Collection entries:

== Segment start ==

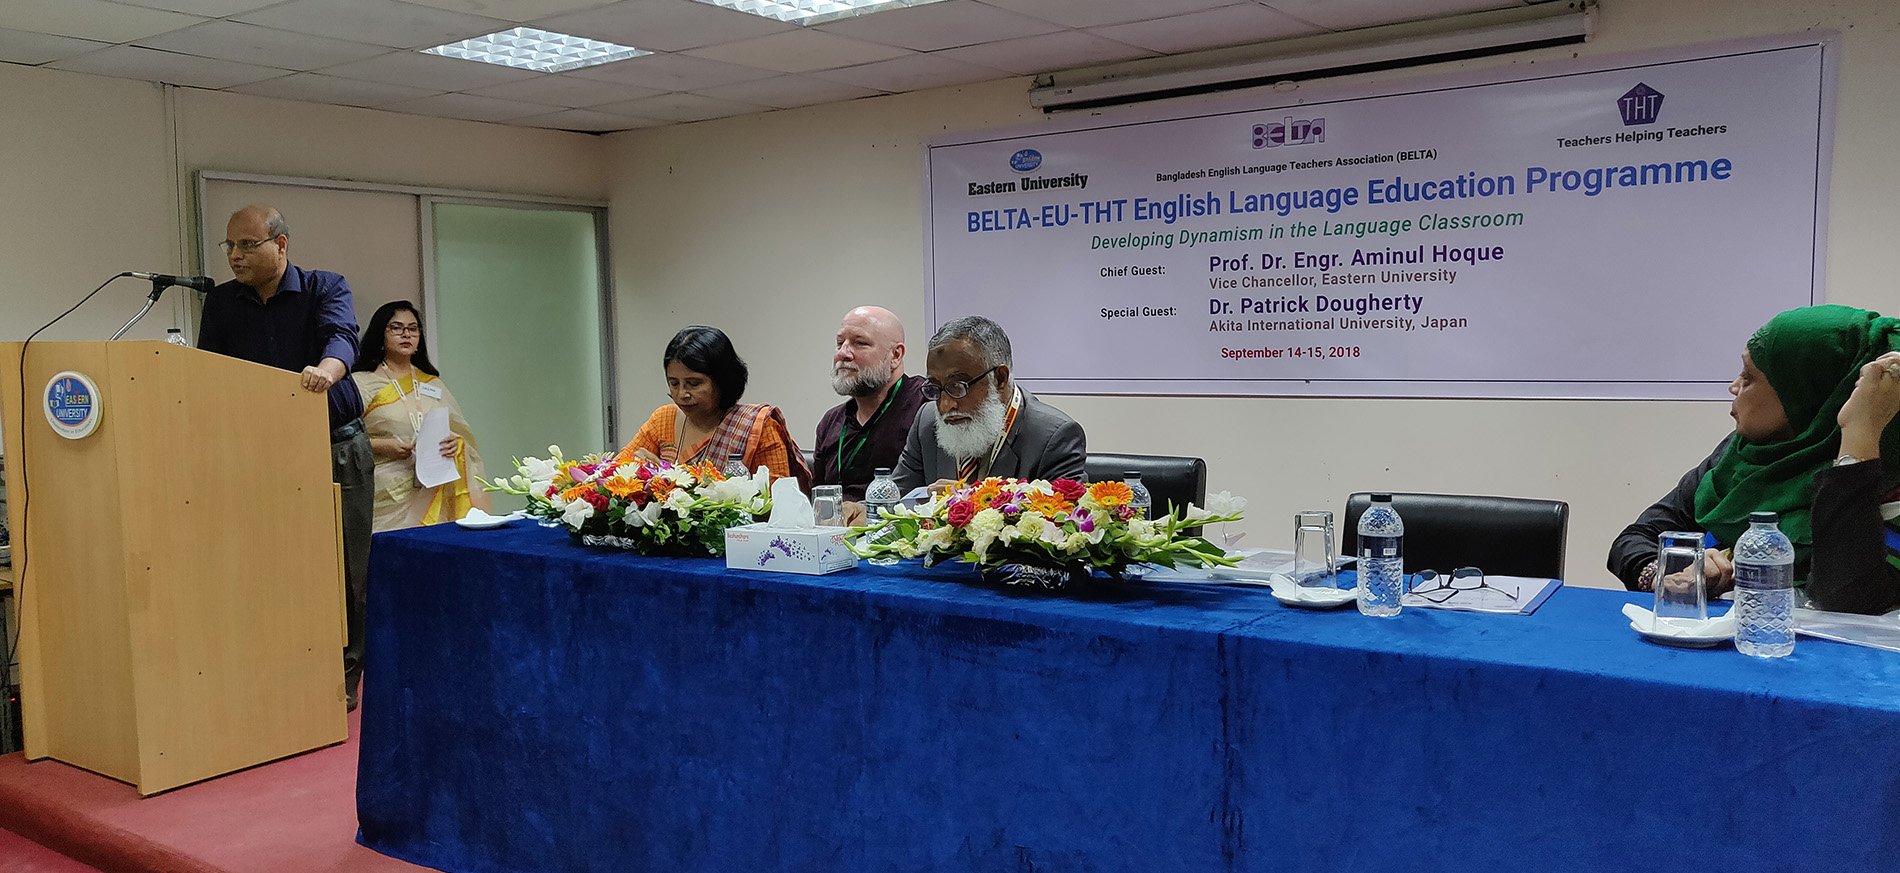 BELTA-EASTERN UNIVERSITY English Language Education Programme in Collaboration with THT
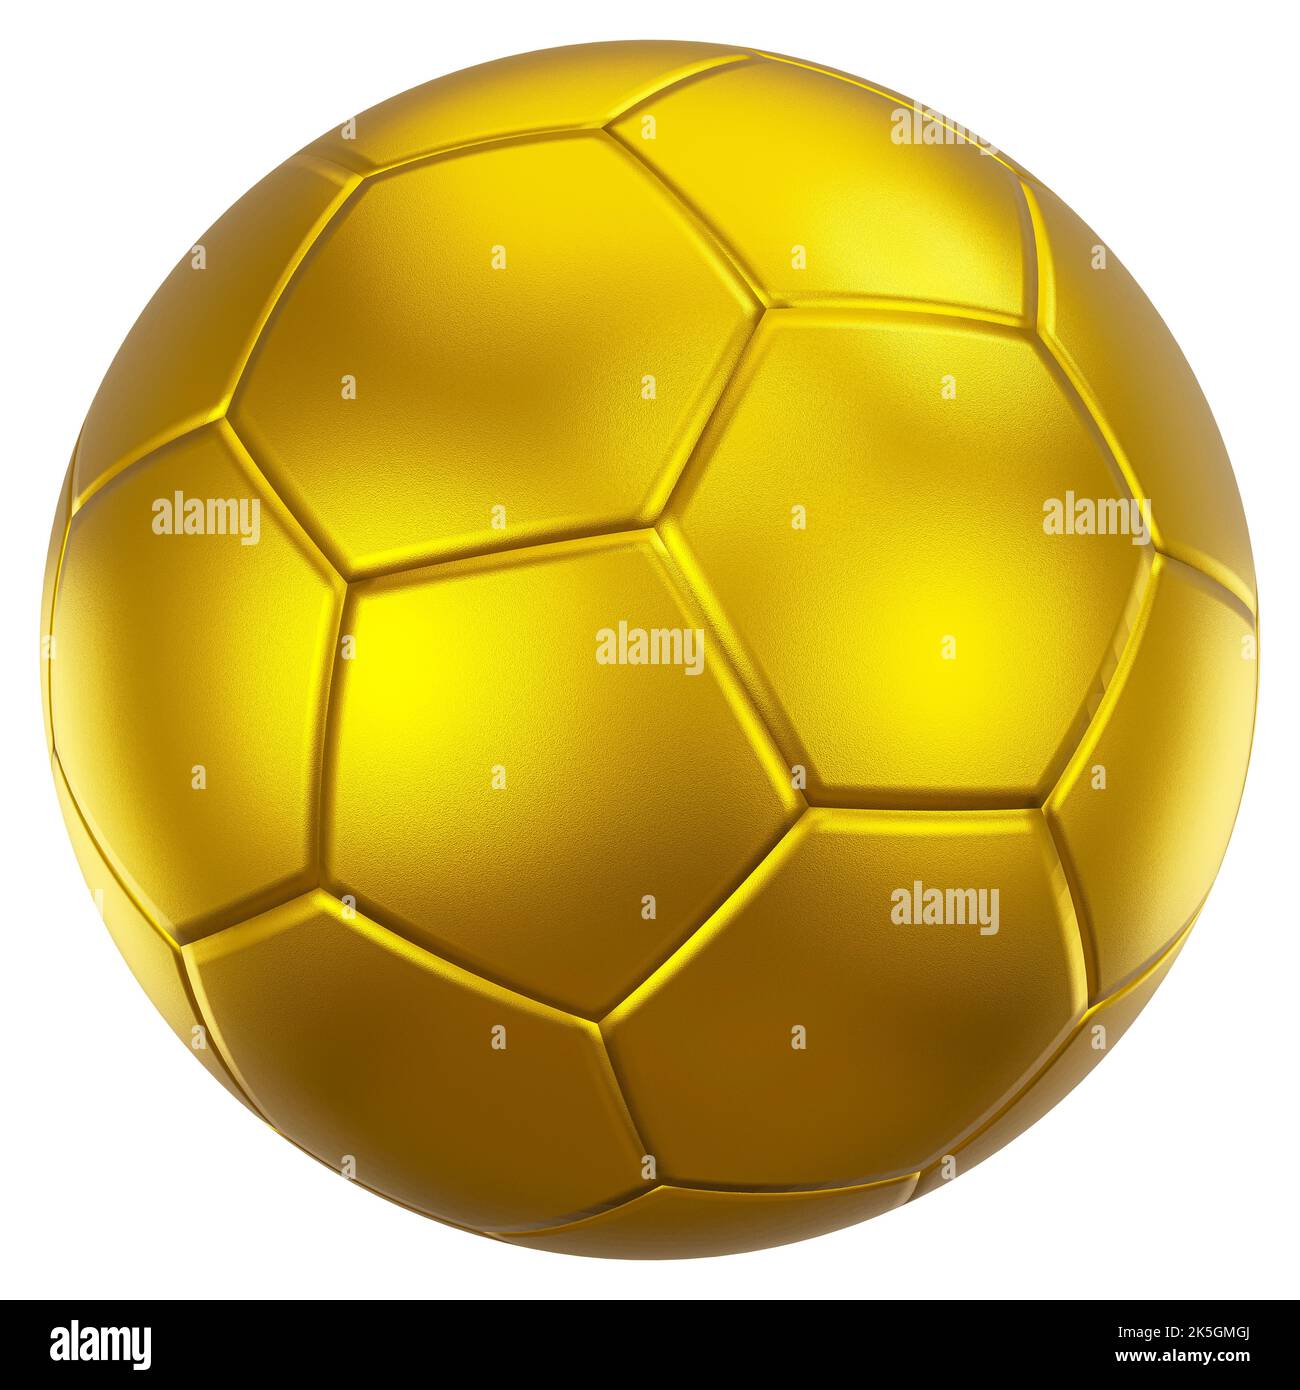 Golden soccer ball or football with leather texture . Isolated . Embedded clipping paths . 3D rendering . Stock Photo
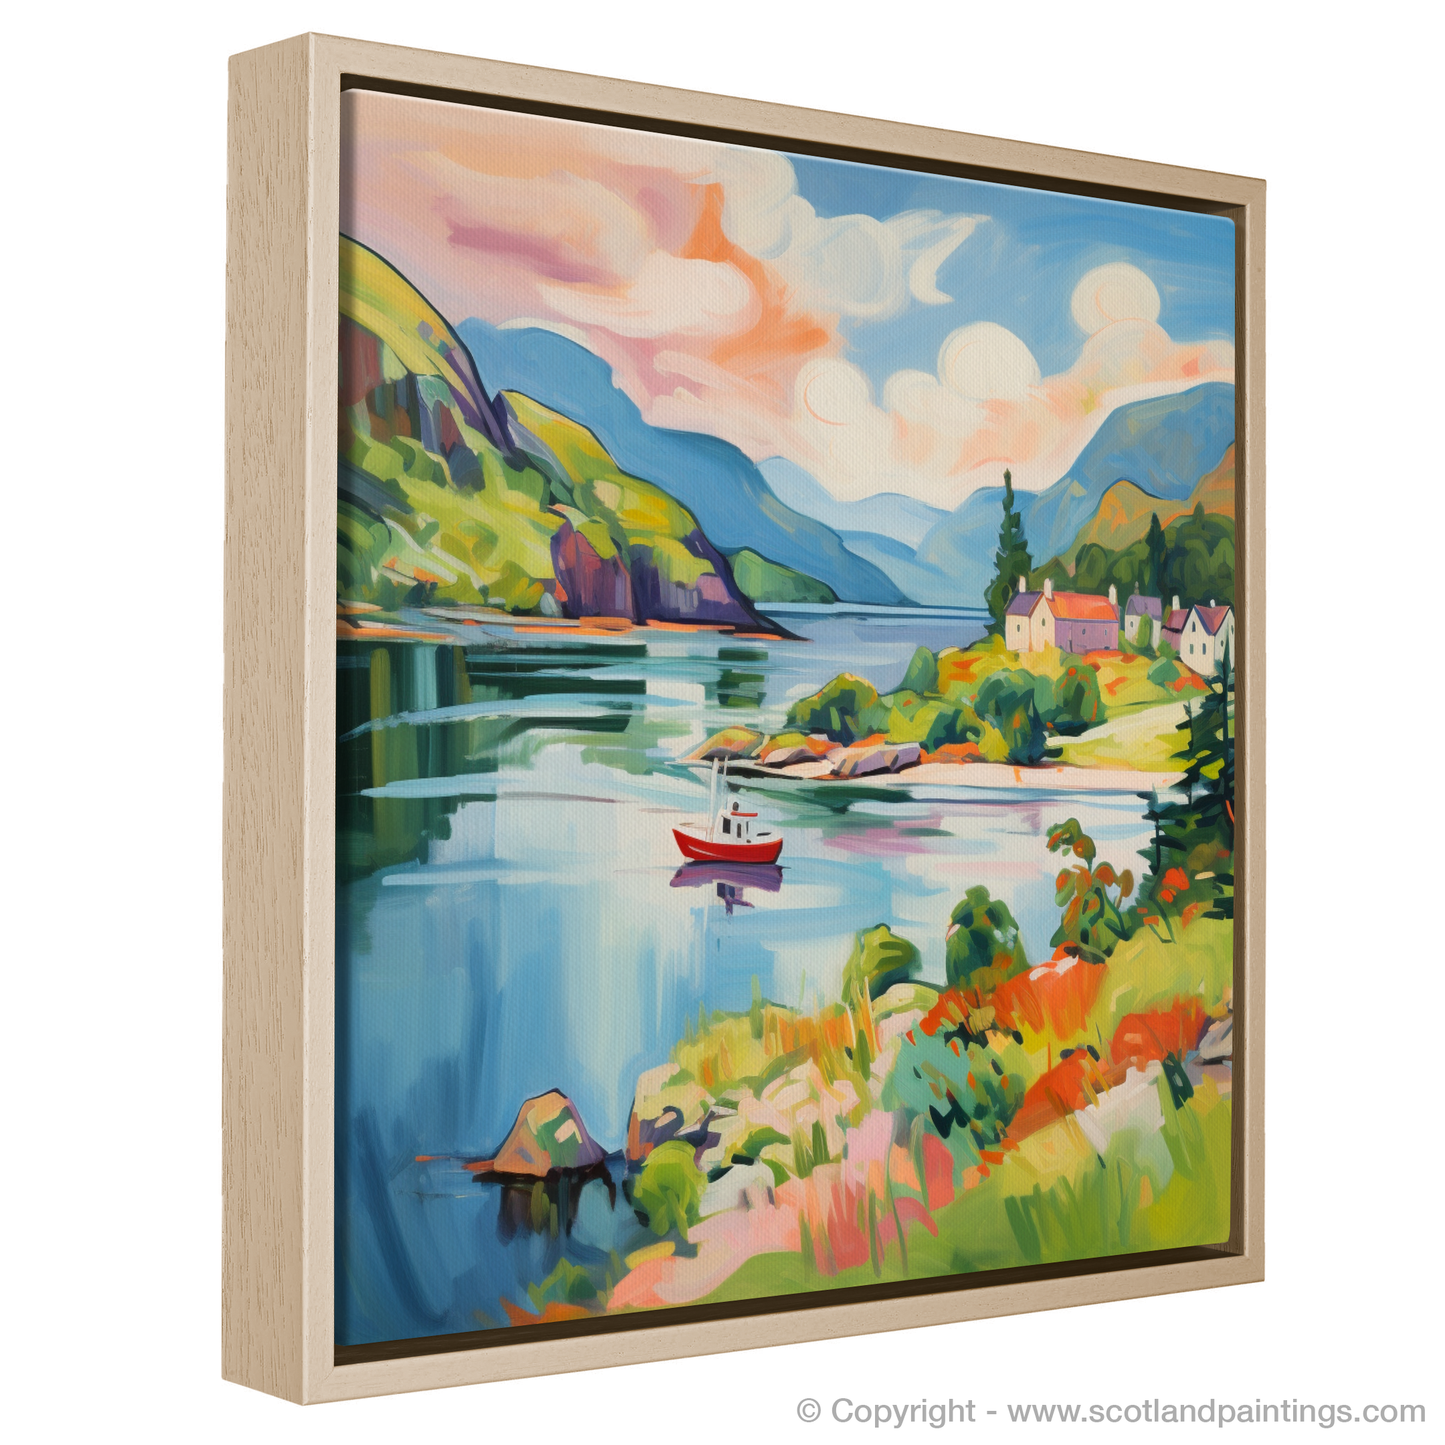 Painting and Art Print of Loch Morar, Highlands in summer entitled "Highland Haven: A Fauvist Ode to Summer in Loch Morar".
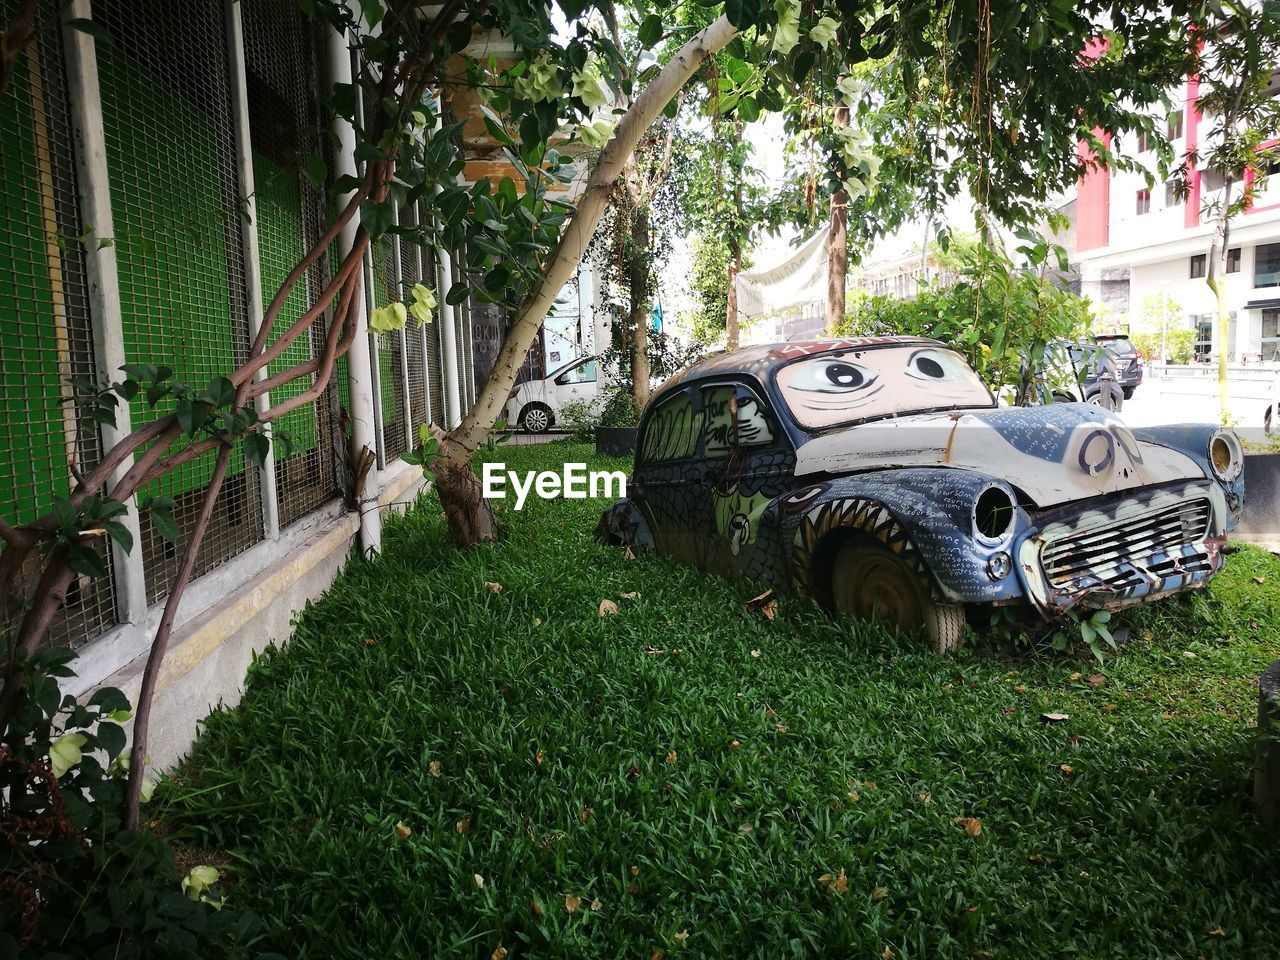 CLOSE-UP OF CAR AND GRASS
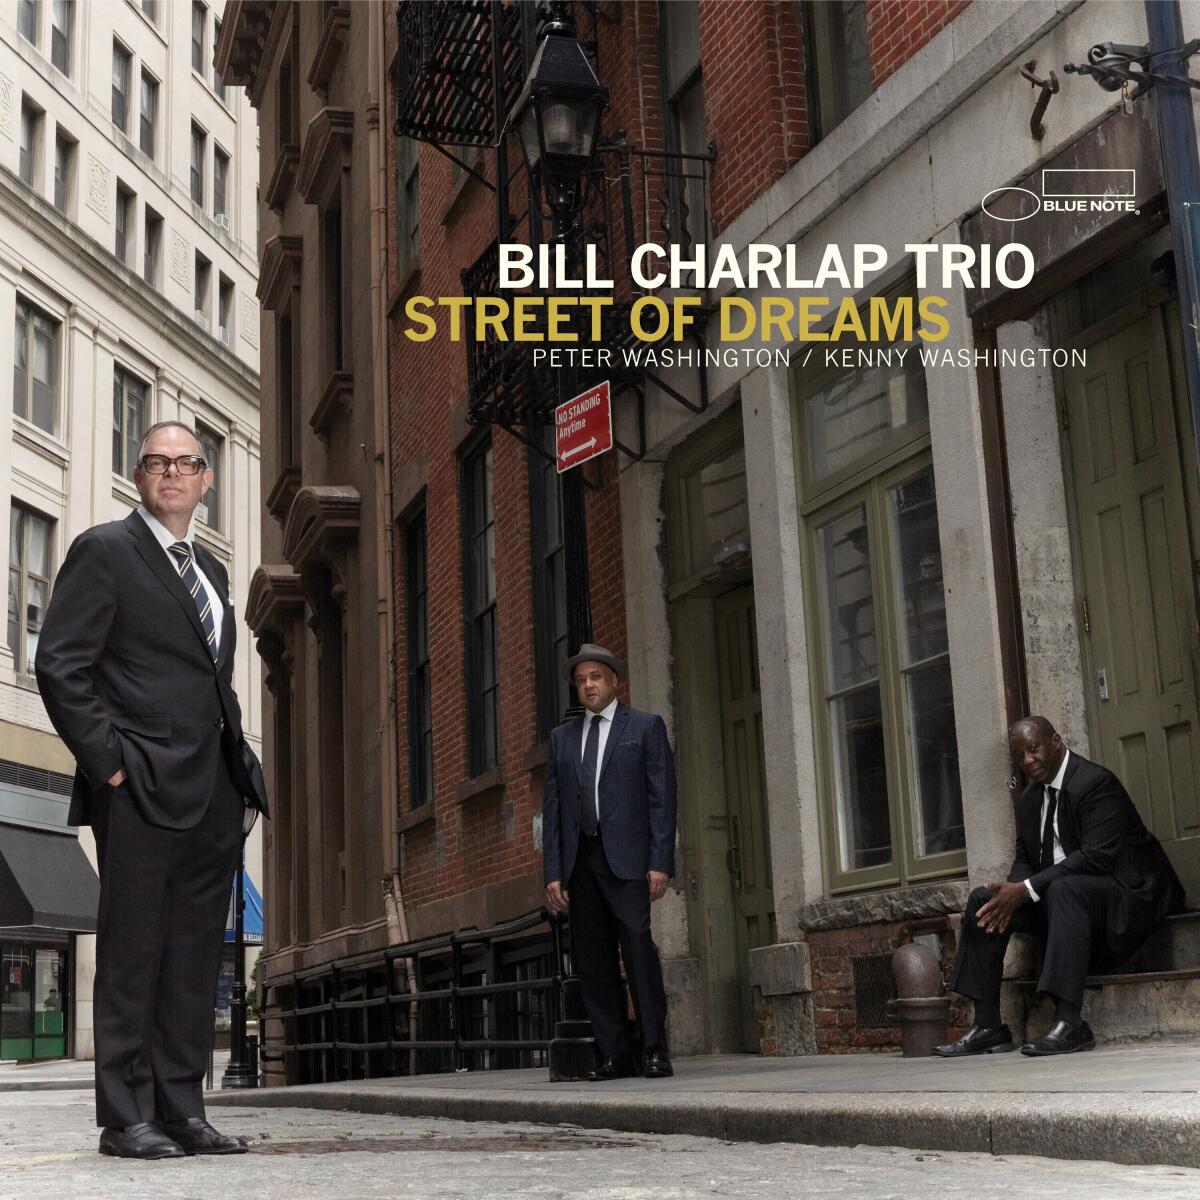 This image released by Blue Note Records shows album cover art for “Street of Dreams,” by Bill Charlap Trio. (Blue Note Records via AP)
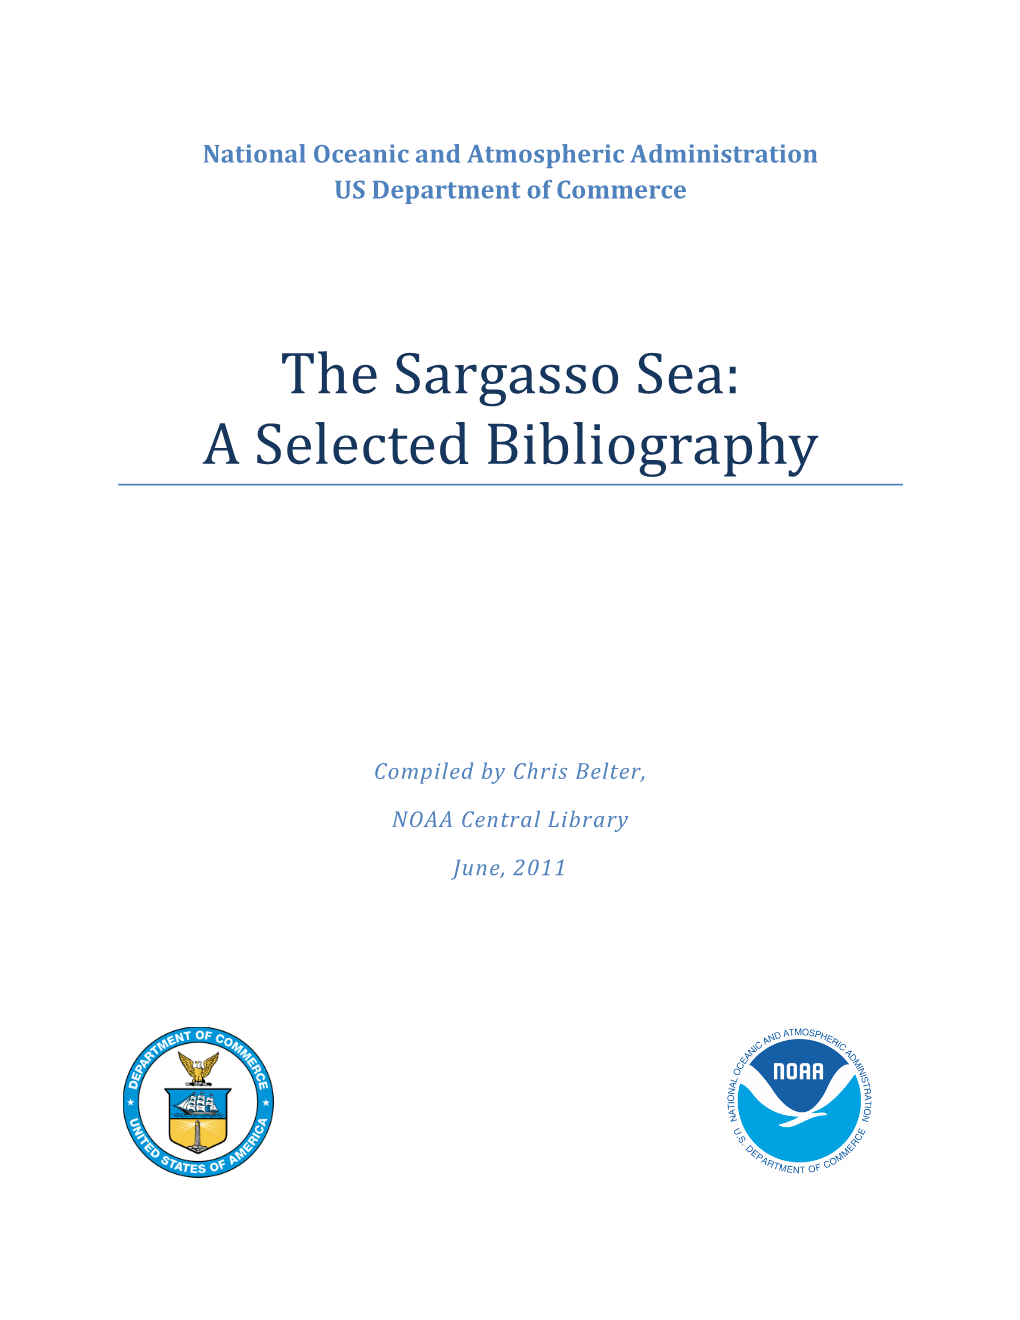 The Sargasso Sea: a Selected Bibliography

== Segment end ==

_TASK DESCRIPTION_
From the first line to the last, set down the data exactly, without the pictures.

_TASK RESPONSE_
 BELTA-EASTERN UNIVERSITY English Language Education Programme in Collaboration with THT
 Golden soccer ball or football with leather texture . Isolated . Embedded clipping paths . 3D rendering . Stock Photo
 Painting and Art Print of Loch Morar, Highlands in summer entitled "Highland Haven: A Fauvist Ode to Summer in Loch Morar".
 CLOSE-UP OF CAR AND GRASS
 This image released by Blue Note Records shows album cover art for “Street of Dreams,” by Bill Charlap Trio. (Blue Note Records via AP)
 The Sargasso Sea: a Selected Bibliography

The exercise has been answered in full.